SATURDAY

Cyrus Shams and Orkideh

BROOKLYN, DAY 2

Cyrus woke up in his Brooklyn hotel with Zee’s thumb in his mouth. They’d split the cost of a single bed single room for a weekend, which made it surprisingly affordable. The hotel they’d found was even one of those hip Brooklyn-y places with loud music and a live DJ in the lobby at night. The mini bar boasted two different kinds of mezcal, and a “feminist icons” tarot deck with a picture of Gloria Steinem as the Queen of Cups on the box’s outside.

Cyrus had been a late-in-life thumbsucker. When he was thirteen, his father became determined to fix the problem once and for all.

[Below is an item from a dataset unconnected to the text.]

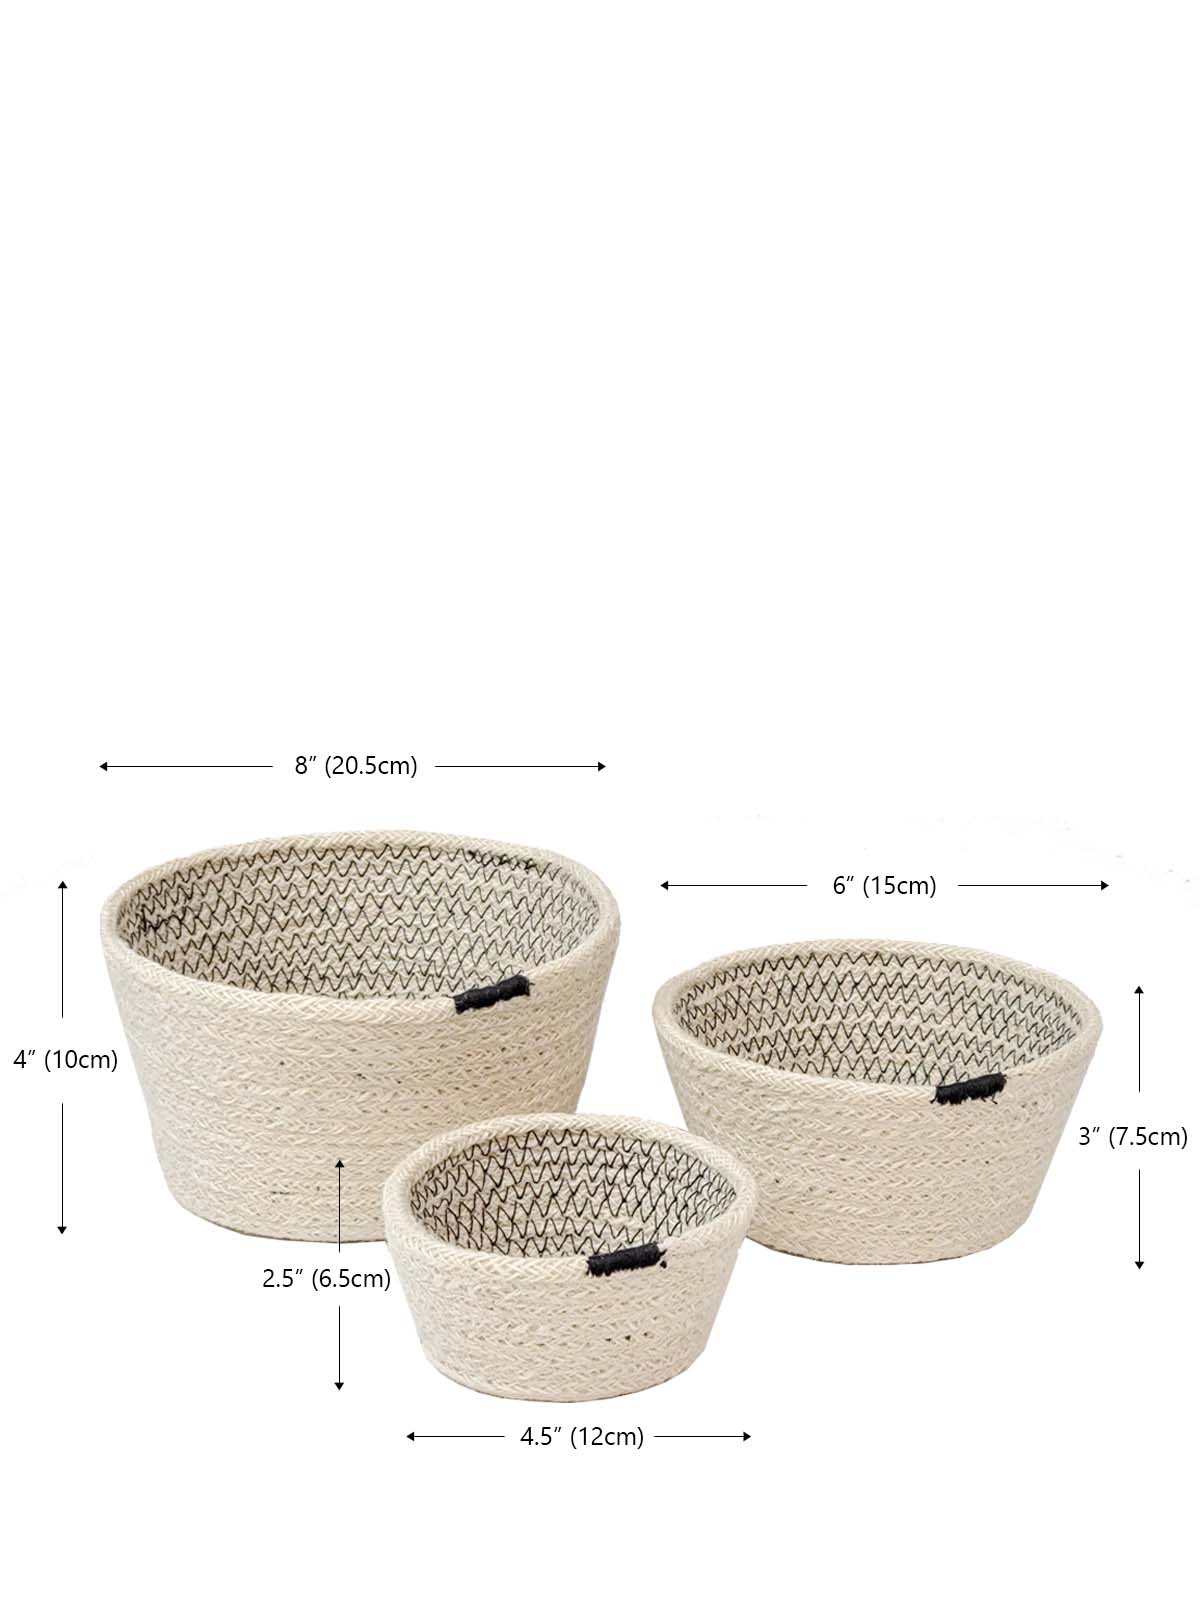 Minimalistic Amari Bowl - Black (Set of 3) go with everything, everywhere in your space!

He began making Cyrus soak his thumbnails in hot pepper juice nightly after dinner. For weeks, Cyrus would rise in the middle of the dark, his thumb in his mouth, his lips and tongue on fire. Nothing could shrink the pain. It took ages for his sleeping self to finally reject his thumbs as poison. Later in his life, almost as if out of protest, Cyrus’s subconscious began enlisting any bedmate’s thumb as proxy for his own, and Zee’s was the most common surrogate.

The two had begun rooming together shortly after meeting, and sharing each other’s beds not long after that. When they’d sleep together, it mostly wasn’t sexual. In one of the very few occasions over the years when they’d spoken about it, Cyrus told Zee it was like that line from Moby-Dick.

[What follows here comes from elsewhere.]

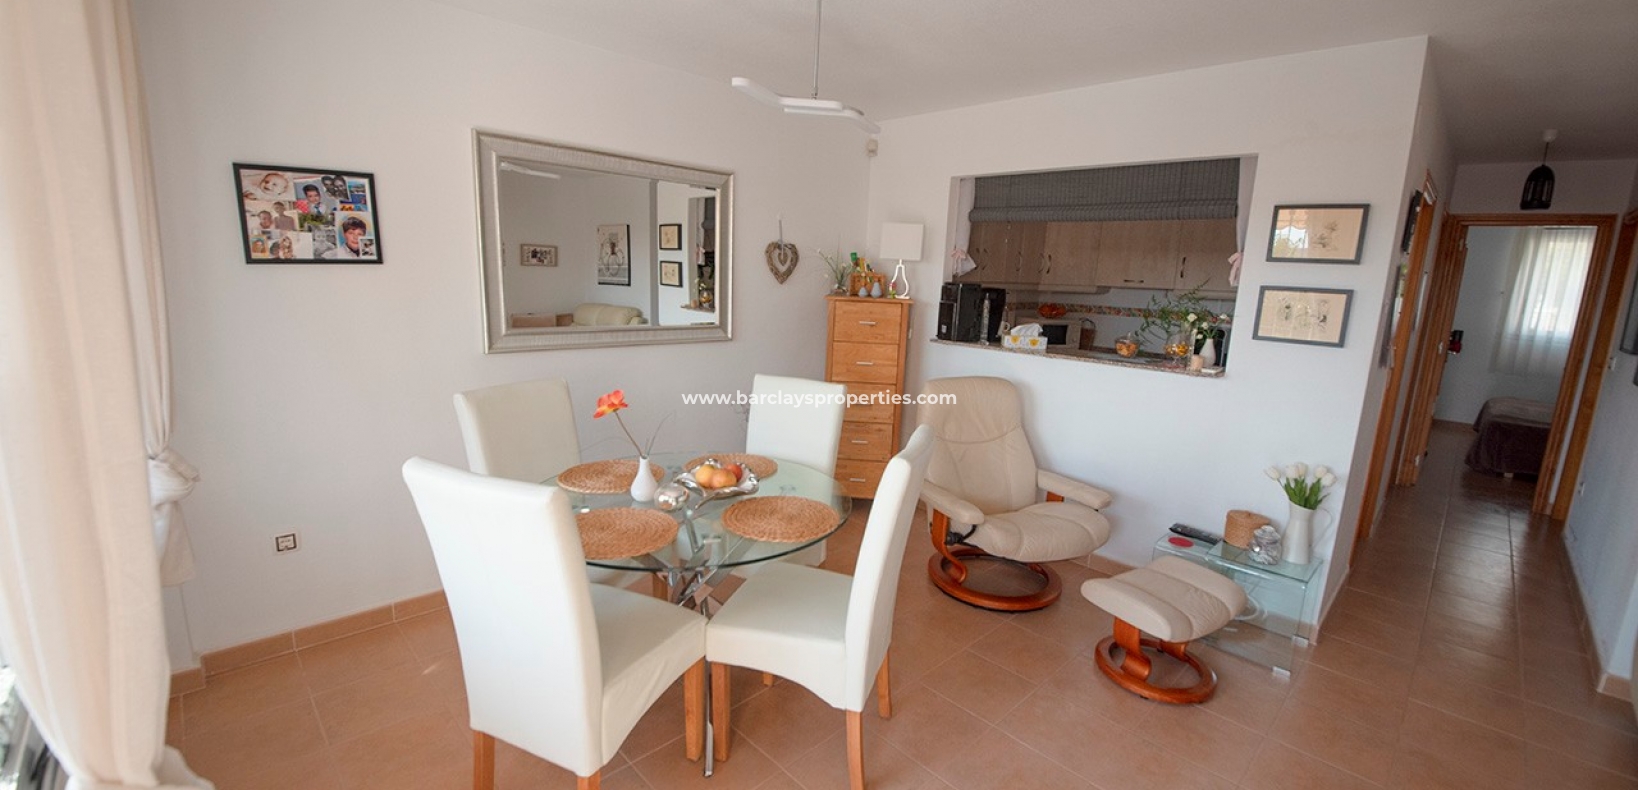 Town House Style Property for Sale in La Marina, Alicante Spain. - living room

“The bit about putting up with any half-decent man’s blanket?” Zee’d asked.

Cyrus had been thinking about a different line, about it being better to sleep with a sober cannibal than a drunken Christian. He thought of himself as the sober cannibal, and Americans broadly as drunk Christians. But he just laughed and said: “Yeah, that one. You do have very nice blankets.”

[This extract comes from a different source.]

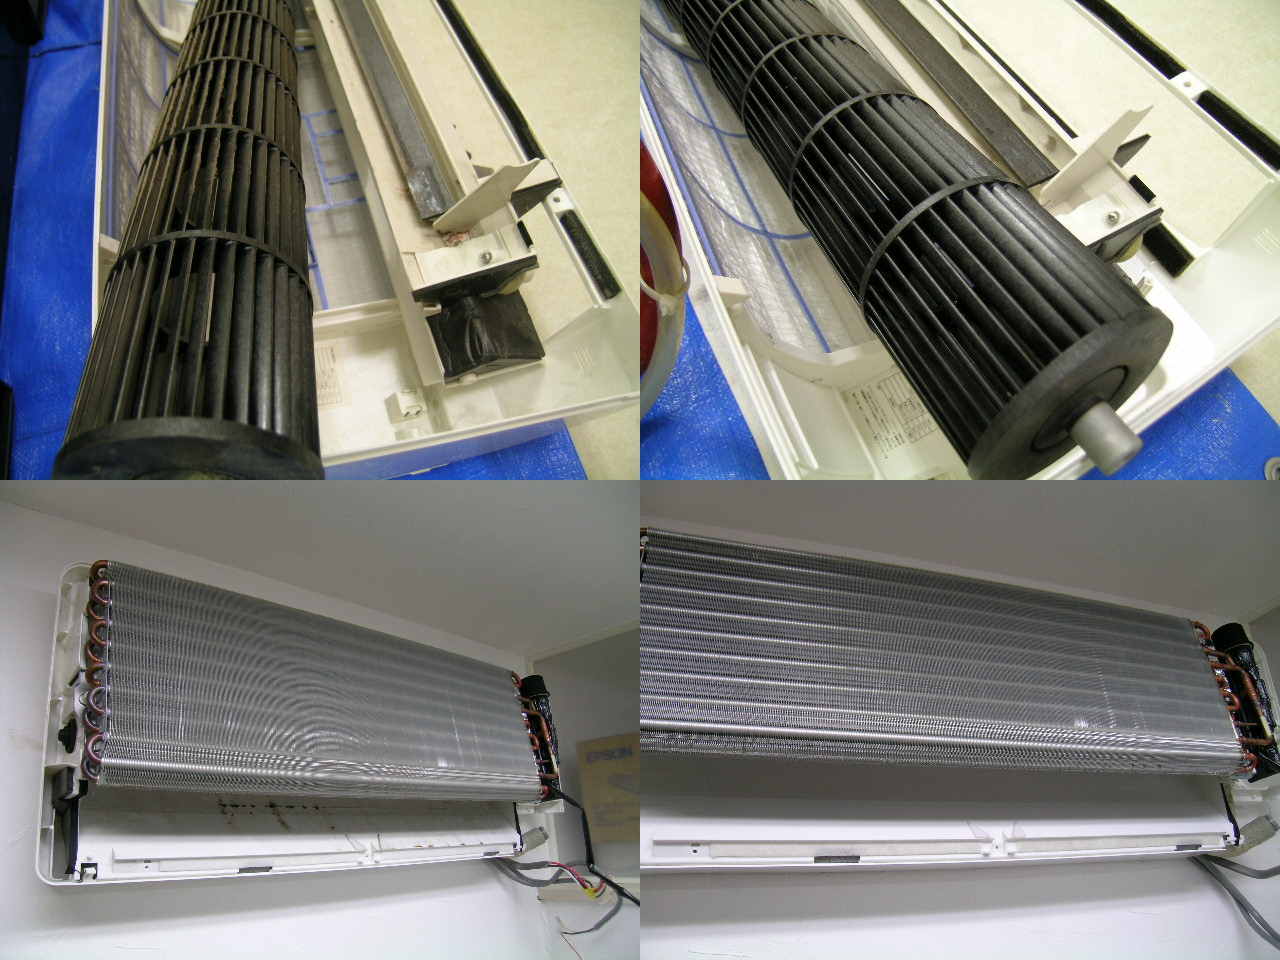 http://ajras.net/images/111526-aircon.jpg

Cyrus had gotten to know Zee’s thumbs well. They were long on Zee’s hand, but still considerably shorter than Cyrus’s. At six-foot-three, Cyrus was nearly a foot taller than his roommate, but more often than not Zee still ended up as big spoon when they cuddled. Zee’s thumbs were like miniatures of Zee himself, compact but muscular, sturdy and strong. They could have belonged to a masseuse or a sculptor, a seamstress or a carpenter.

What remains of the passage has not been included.